Expérience de lecture :
J’ai hésité à acheter ce livre. Il me semblait que L’Age de la multitude de Nicolas Colin et Henri Verdier et l’ouvrage sur l’Ubérisation de Denis Jacquet que je venais de lire étaient suffisants pour comprendre les mécanismes de l’économie de plateforme et l’urgence de l’innovation pour les acteurs traditionnels. Puis j’ai assisté à une conférence de Gilles Babinet en novembre 2017. Je l’ai trouvé très critique sur la difficulté des grands groupes à se transformer. Cela me semblait injuste, quand on sait que ces organisations doivent en parallèle préserver la stabilité du modèle historique dont dépendent de nombreux salariés. J’ai donc voulu comprendre ses arguments. Comme d’habitude, nul besoin d’emphase ou de punchlines pour Gilles Babinet. Il décrit le processus de transformation digitale de manière claire et naturelle grâce à une analyse précise et à un regard distant. C’est la première fois que je trouve aussi clairement exposé le sujet de l’intelligence collective et l’importance du capital humain dans le processus de transformation digitale des entreprises.

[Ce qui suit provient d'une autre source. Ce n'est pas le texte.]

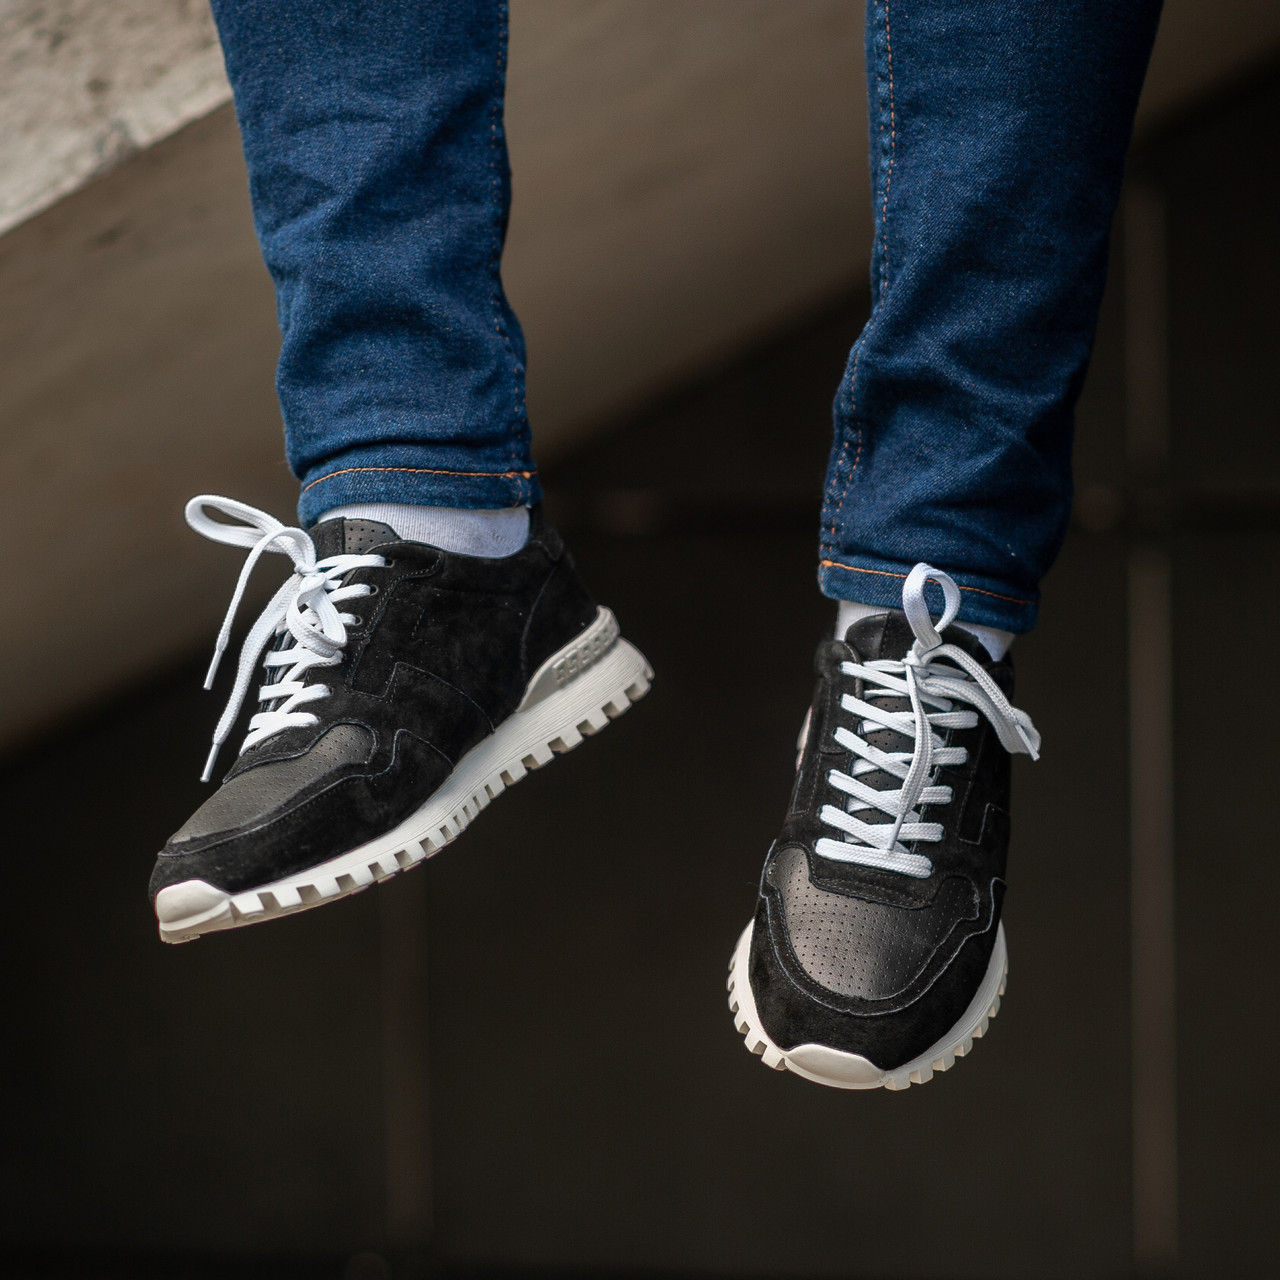 Мужские кроссовки South Classic black. Натуральная замша

Mon conseil : Je recommande ce livre aux profanes pour comprendre le mécanisme de transformation des organisations et les processus qui sous-tendent l’économie de plateforme. Pour les autres, à lire si vous doutez encore que l’enjeu culturel soit déterminant pour réussir la transformation digitale.
Résumé :
La transformation digitale ne fait que commencer. C’est une vraie révolution culturelle et anthropologique qui se traduit par un monde plat et horizontal caractérisé par l’ouverture et le partage. Les GAFA et les Start up arrivent comme des « barbares » en s’affranchissant des règles qui protégeaient les acteurs traditionnels. Ils s’installent en supprimant les intermédiaires et en profitant de manière pragmatique d’une économie à croissance exponentielle avec des coûts marginaux de communication, de transaction et de production.
Pour survivre et être compétitives, les entreprises doivent muter et saisir d’une part les opportunités offertes par la loi de Moore, qui permet un développement à moindre coût des technologies numériques, d’autre part les progrès de la connectivité qui donnent le pouvoir central à la multitude mais aussi les big data et les algorithmes qui offrent des capacités d’analyse sans précédent.

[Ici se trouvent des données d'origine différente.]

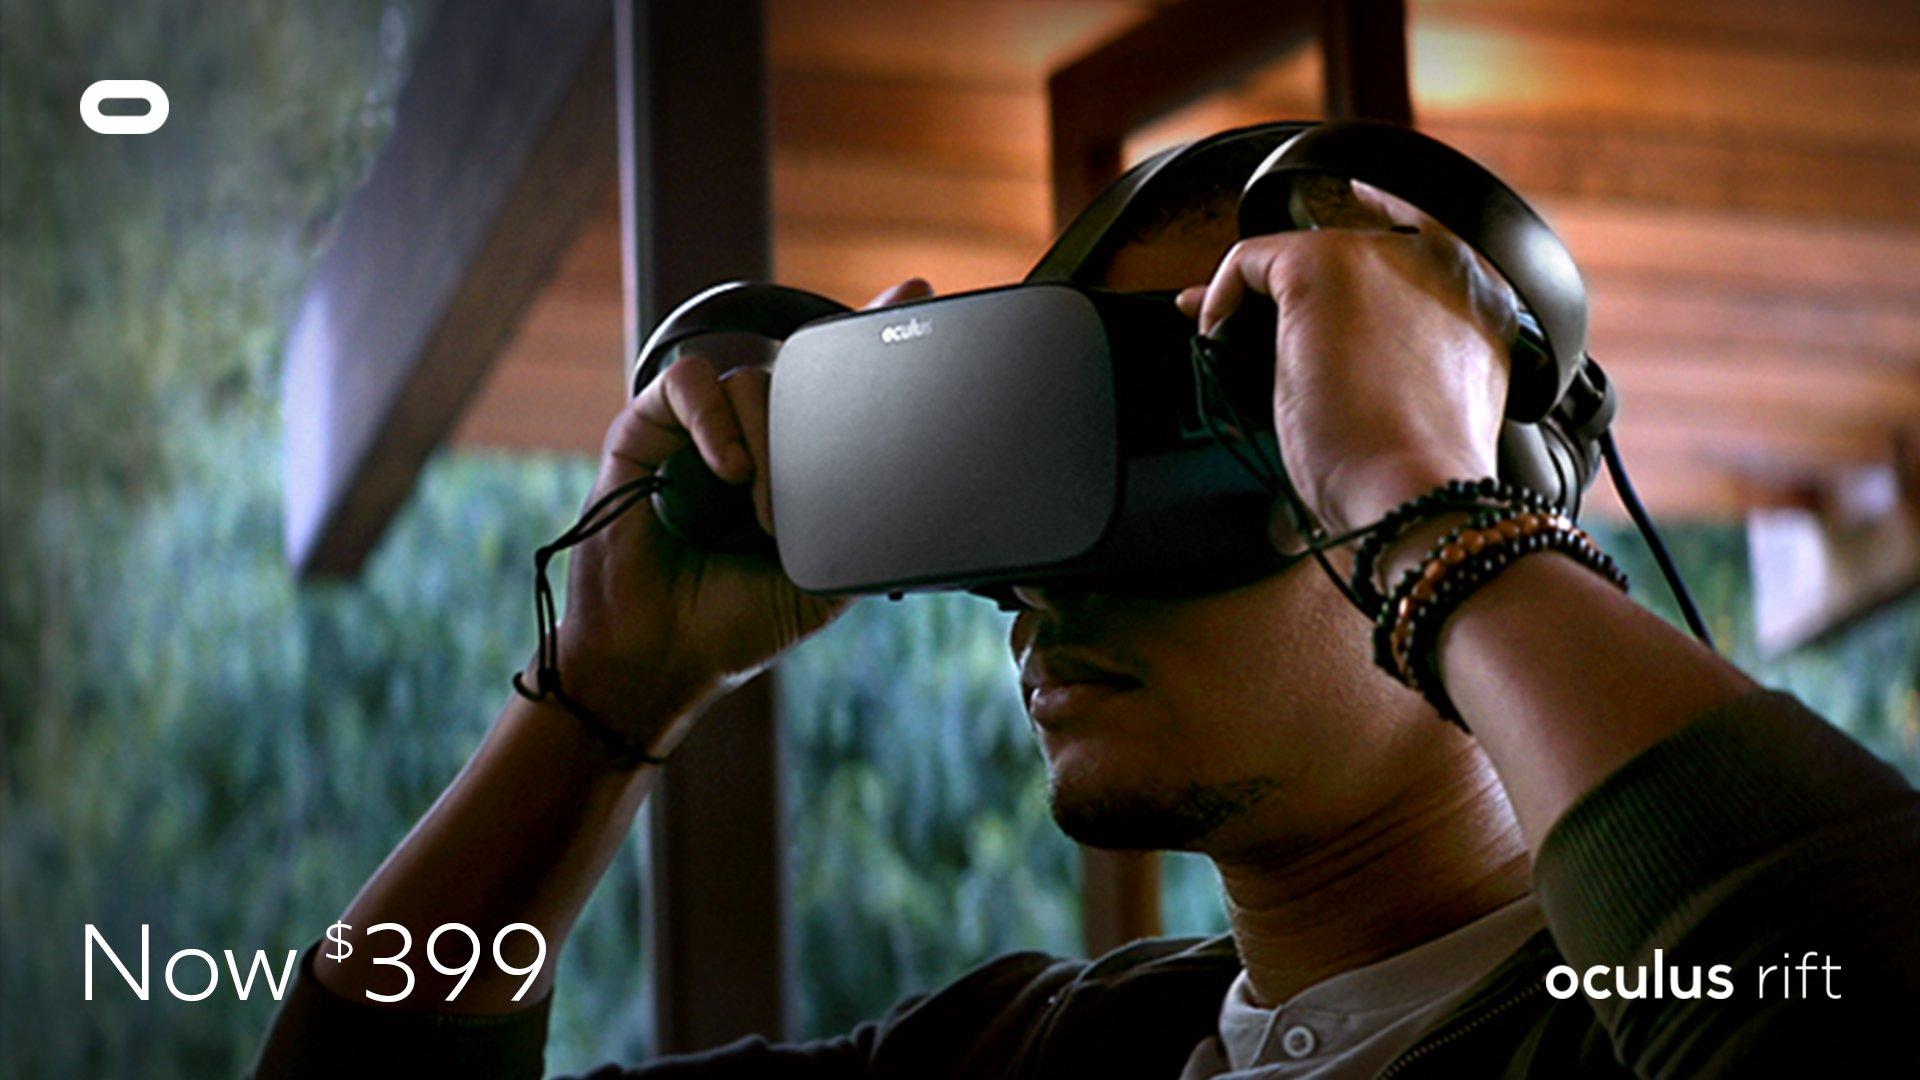 oculus rift price 399

Entre les ETI qui perçoivent partiellement les risques, les PME en mode survie et les grands groupes contraints par les logiques financières court-termistes, chacun acquiert une conscience floue de l’urgence du projet et des moyens à mettre en œuvre. Les investissements se font de manière progressive, et sans innovation radicale dans les modèles d’affaires ni modification structurelle profonde et massive de la culture managériale.
Ces changements sont les plus difficiles à opérer dans des entreprises où les dirigeants ont pour la plupart été formés au XXème siècle, dans un monde où la hiérarchie, les diplômes et le niveau de formation suffisaient à justifier le commandement. Les entreprises qui veulent se transformer doivent pourtant favoriser la transversalité, l’horizontalité et l’autonomie. Cette démarche peut se traduire par la réduction des niveaux hiérarchiques, par la valorisation des profils qui ont une culture d’échange et par l’intégration des nouvelles générations. L’intelligence collective, la diversité et la multidisciplinarité doivent aussi permettre l’émergence d’une culture de l’innovation.
Mais le changement le plus difficile à appréhender est le processus nécessaire de transformation de l’entreprise en plateforme. Les entreprises doivent en effet devenir un « trait d’union entre data et multitude ». Elles doivent massifier les processus et fluidifier la circulation de données pour créer plus de valeur. En mettant les API au cœur de leurs stratégies elles doivent devenir des plateformes d’intelligence collective. Cette mutation doit leur permettre de multiplier les interactions avec les clients et mesurer leur feedback en temps réel pour proposer des services personnalisés à forte valeur.
Que font les entreprises qui semblent réussir leur transformations ?
– Elles modifient la culture managériale de manière volontariste grâce notamment à des plans de formation ambitieux ;
– Elles organisent la compatibilité des échelles de temps entre le long terme nécessaire pour modifier les héritages culturel et informatique, et le court terme pour délivrer des preuves concrètes de transformation.
– Elles créent de la valeur grâce à leurs stratégies de plateforme qui ont permis de multiplier les interactions avec la multitude et les touchpoints avec leurs clients en particulier.
Mais la transformation digitale demande aussi beaucoup de méthode et de préparation : audit de l’ensemble des processus, création d’indicateurs pour orienter les arbitrages, création de laboratoires indépendants, création d’une équipe digitale transversale et, éventuellement, recrutement d’un Chief Digital Officer.
Aucune entreprise ne peut se permette de sous-estimer l’impact de la transformation et l’ampleur des changements organisationnels et culturels à mettre en œuvre pour « rester dans la course ».